8hands Featured Artist: Saul Williams
I know what you're thinking: Everybody wants to be Radiohead and that's why Saul Williams' new album "The Inevitable Rise and Liberation of NiggyTardust!" gives us all a choice – pay 5 dollars and download the full album in a great 320Kbps MP3 format or pay nothing and download the full album in an almost-as-good 192Kbs MP3 format (just so you'll know, Radiohead's album came in a disappointing 160Kbs MP3 format).
But Saul Williams is not aiming to be Radiohead. Actually, it won't surprise me if I find out that Williams thought of this great idea long before anyone else. See, I adore Radiohead - just like the rest of the world I'm in love with "In Rainbows" and believe that these British guys are pure geniuses, but free music for the masses sounds like a good ol' Saul Williams thang, right?

Of course, what matter is not the how but the what, and Saul Williams' new album, again - kinda like Radiohead's one, is one gigantic superlicous "what". As soon as our tiny 8hands octopus got a hold of it he started to throw all of his hands in the air.
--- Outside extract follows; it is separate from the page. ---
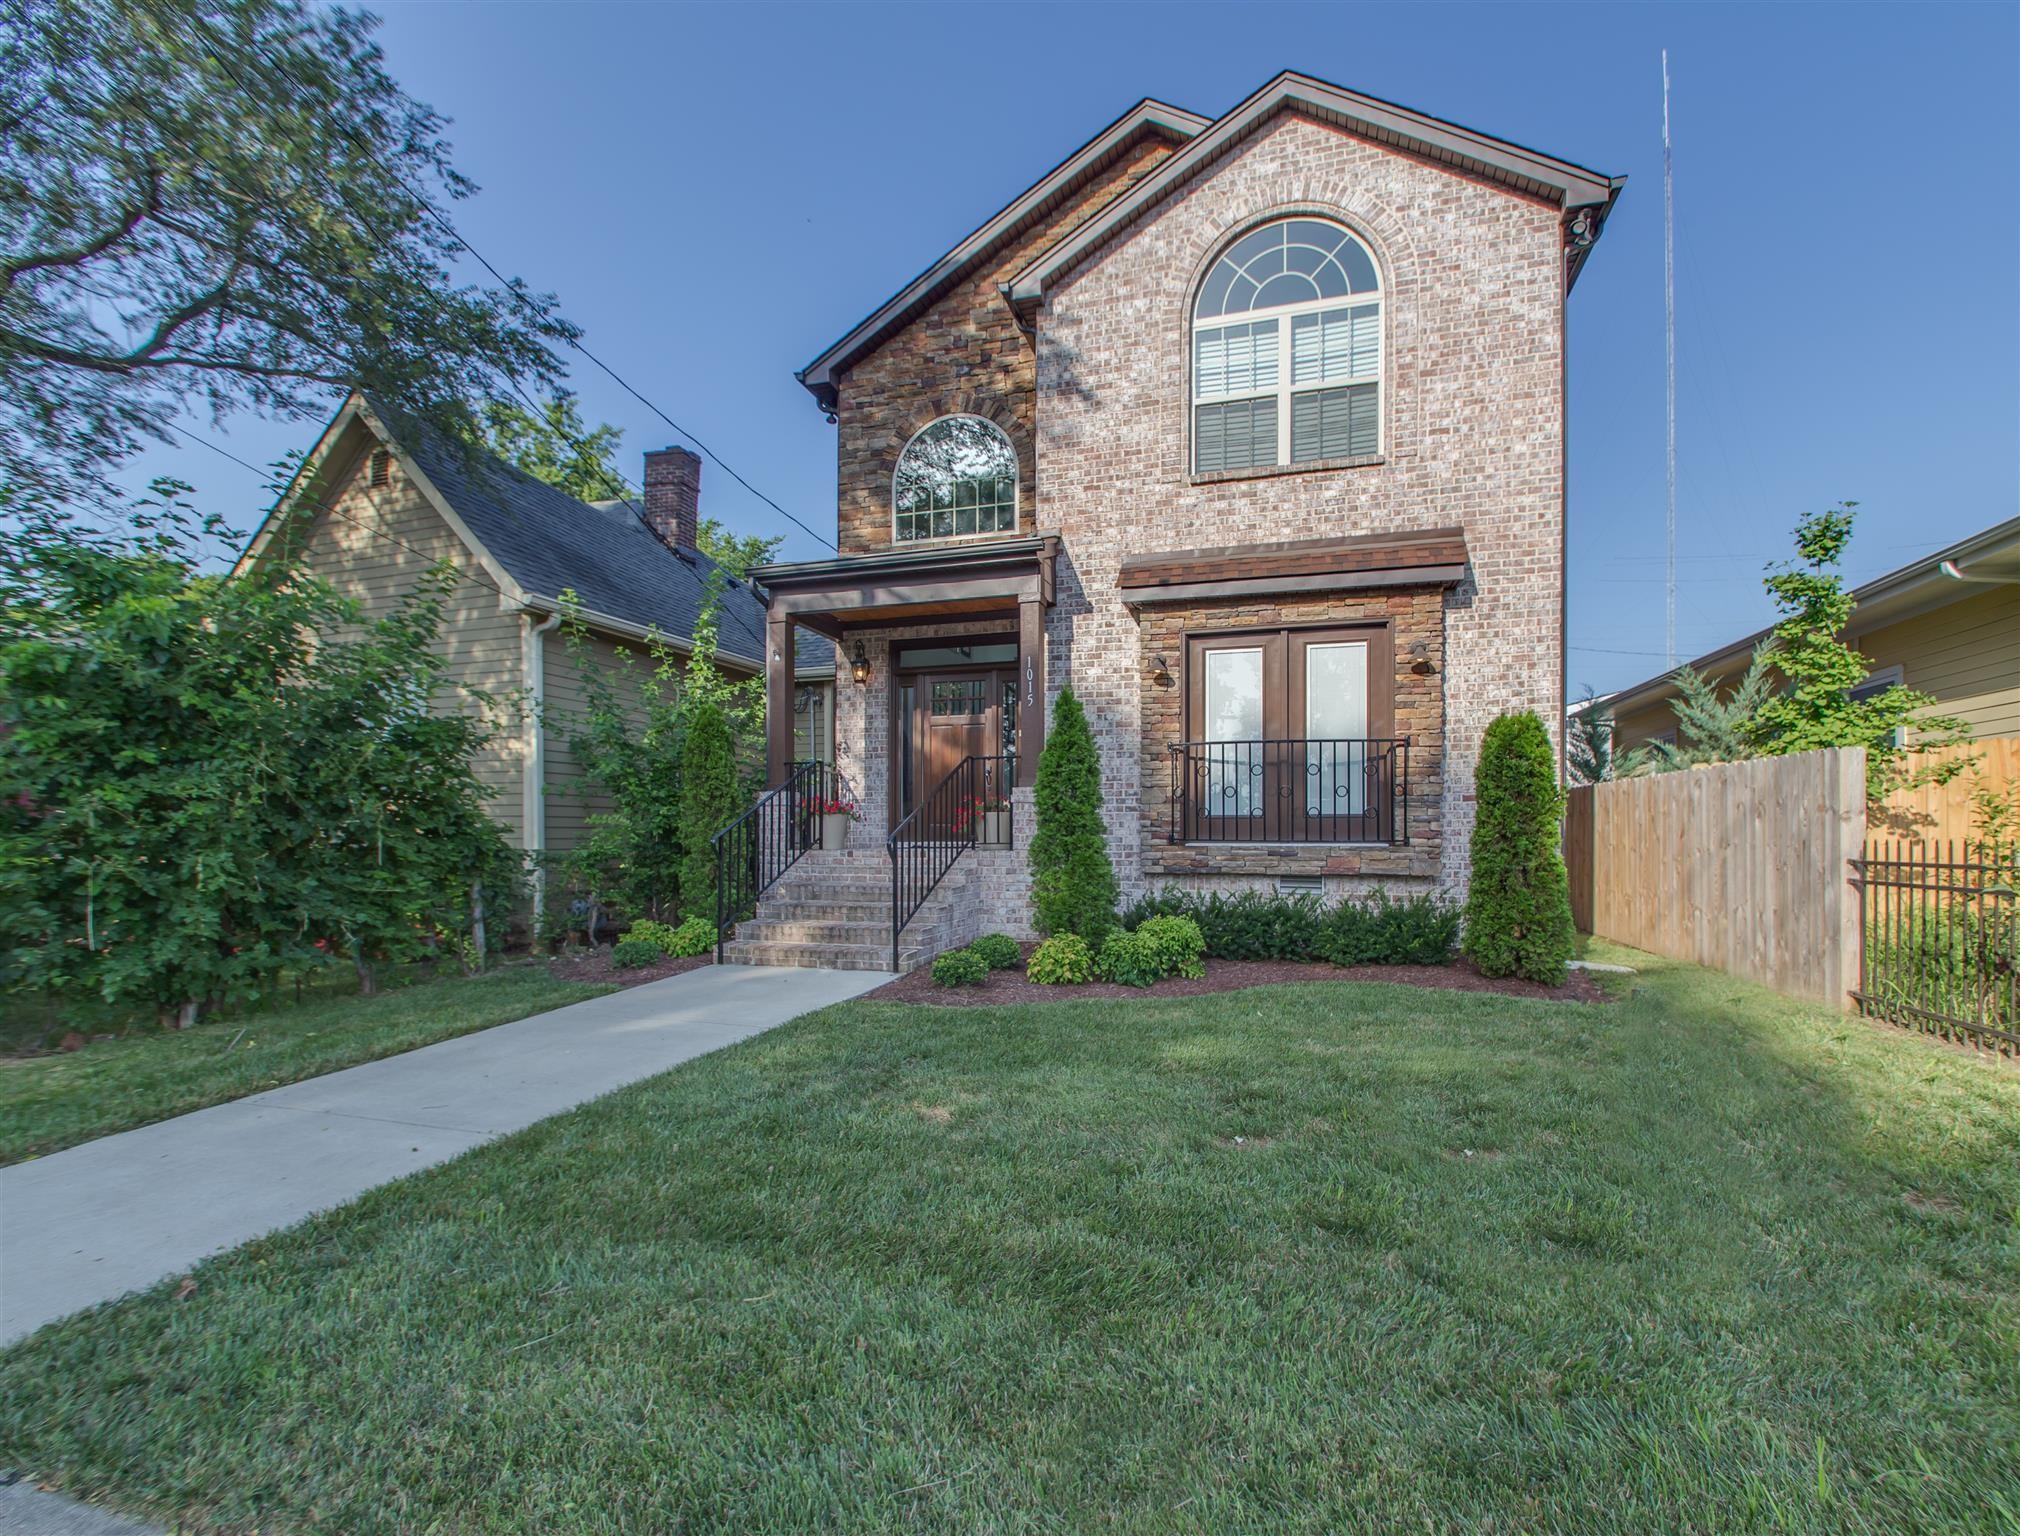 1015 2nd Ave, S, Nashville, TN 37210 - Nashville, TN real estate listing

In other words, our purple little friend went social, and I'm not talking about networking.
Saul Williams was always a political being and a great musician and he still is. He also used to be a hip-hopper and a poet, but not no more – he took his hip-hopping to such a far away place that you could hardly find it and he left his preaching ways in the street that raised him. Seriously, you can hardly recognize the new Saul Williams.
His lyrics are still sharp and his attitude is as hard as ever, but the theme changed – he sings, yells and pushes the beats that Trent Reznor produced for him to the maximum. You can find tons of different influences in it – from the album title's "NiggyTardust" through the hardcore Autechre-like "Black History Month" and all the way to the "Sunday Bloody Sunday" cover. Saul Williams is no longer a rapper or a poet, that's true. But he is one talented artist. So download his album, for free or not for free. It doesn't really matter, as long as you listen to the music.